Effects of nucleotides, adenosine and/or FK on growth of prostatic carcinoma cells. Culture conditions are similar to those described in Figure 4. Cells were incubated in the presence or absence of nucleotides for 4 days and the number of living cells that excluded trypan blue was determined using a haemocytometer. Stimulations were performed with ATP (100 μM), UTP (100 μM), adenosine (100 μM), FK (10 μM) or 8-PST (300 μM for PC-3 cells and 100 μM for other cell lines alone or in combination). The data represent the mean±s.e.mean of three independent experiments with quadruplicate experimental points. ^*Indicates that the level of significance (P) between control and stimulated conditions is P<0.005.

Figure 6

Concentration-action curves of effects of various adenine nucleotides on androgen-independent prostatic cell growth. PC-3 and DU145 cells were cultured and counted in the same conditions as described in Figure 4. Cells were submitted or not to stimulation with BzATP, ATP, ATPγS, 2-MeSATP or α,βmeATP (all at 100 μM). After 4 days, the number of living cells that excluded trypan blue was determined using a haemocytometer. The data represent the mean±s.e.mean of three independent experiments with quadruplicate experimental points.

Figure 7

Qualitative detection of apoptosis among androgen-independent PC-3 and DU145 cells. PC-3 cells, at a density of 400,000/10 cm dishes, were cultured in complete Ham's F-12 containing 8% FBS and stimulated or not by BzATP or ATP (100 μM).

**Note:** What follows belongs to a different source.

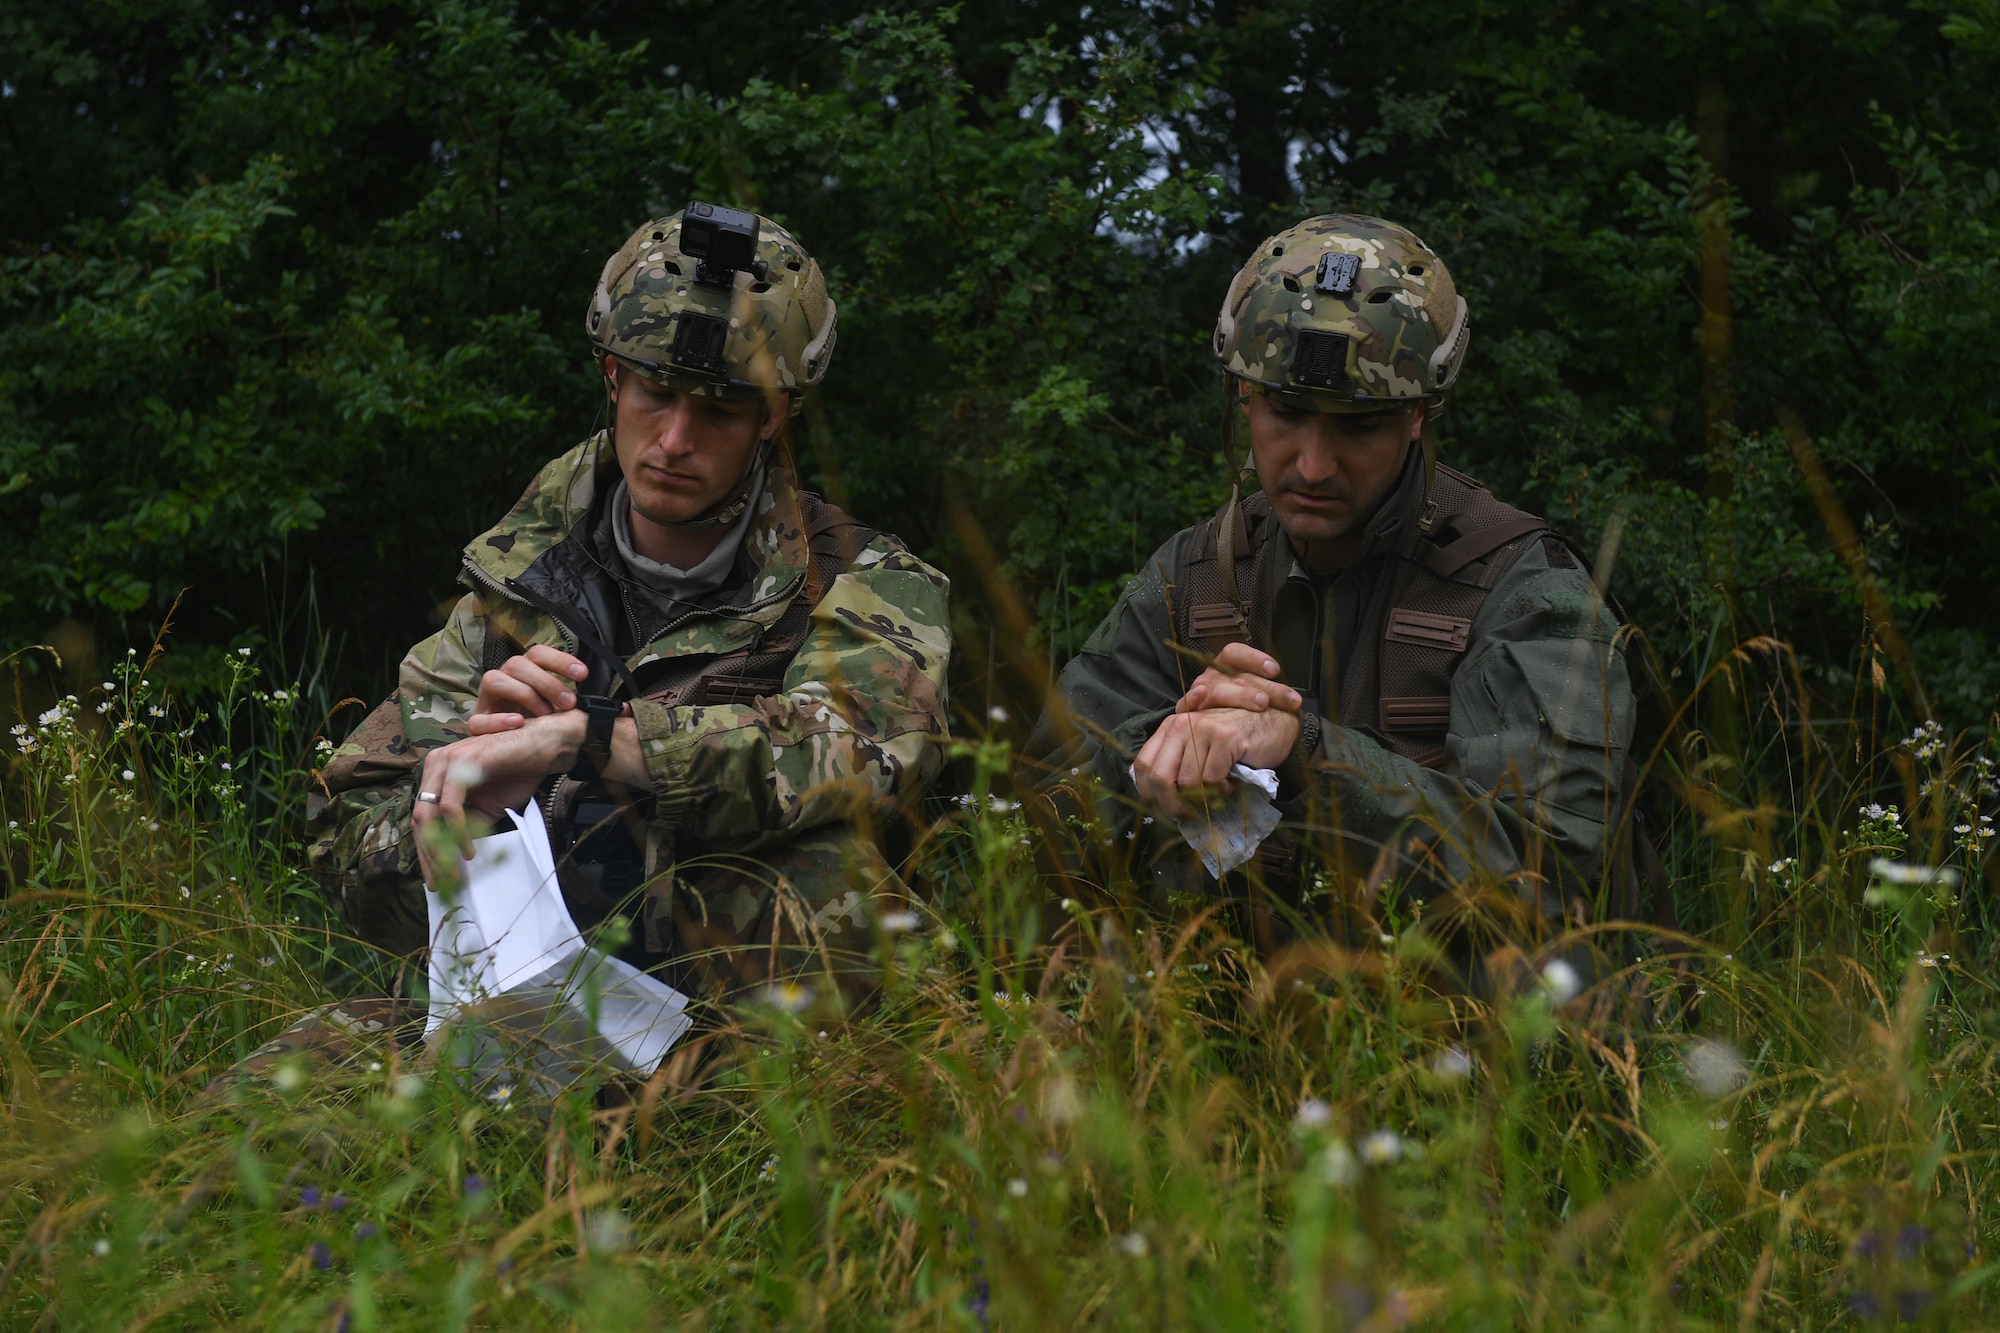 U.S. Air Force Capt. James Gregory, 510th Fighter Squadron pilot and Maj. Matthew Robins, 555th Fighter Squadron pilot, use their radios during an exercise at Rivolto Air Base, Italy, June 10, 2020. The pilots were undergoing a simulated Survival, Evasion, Resistance, Escape (SERE) training in which they had to survive and make contact with the proper sources after landing in enemy territory. (U.S. Air Force photo by Airman 1st Class Thomas S. Keisler IV)

DU145 cells, 400,000/10 cm dishes, were cultured in a complete Eagle's modified essential medium containing 4% FBS. Experimental procedures are described under Methods. DNA (8 μg/lane) was separated by electrophoresis on a 2% agarose gel and visualized by ethidium bromide staining.

Figure 8

Detection of P2X receptors mRNA in human androgen-independent prostatic carcinoma cells by RT–PCR experiments. The experimental procedure as well as oligonucleotide sequences are described under Methods. PCR products (P2X₄: 424 pb; P2X₅: 373 pb; P2X₇: 470 pb) are visualized after electrophoresis, and ethidium bromide staining of a 2% agarose gel. These data are representative of three different RT – PCR experiments, performed on two different batches of RNA.

Figure 9

Measurements of intracellular calcium using the fluorescent marker fura 2-AM. Effects of BzATP (A) and ATP (B) at 100 μM on the PC-3 cells, in a medium containing or not EGTA (1 mM) added just prior to the ligand stimulation. The experimental procedure is described under Methods. The data represent the mean of three independent experiments (s.e.means were below 10%).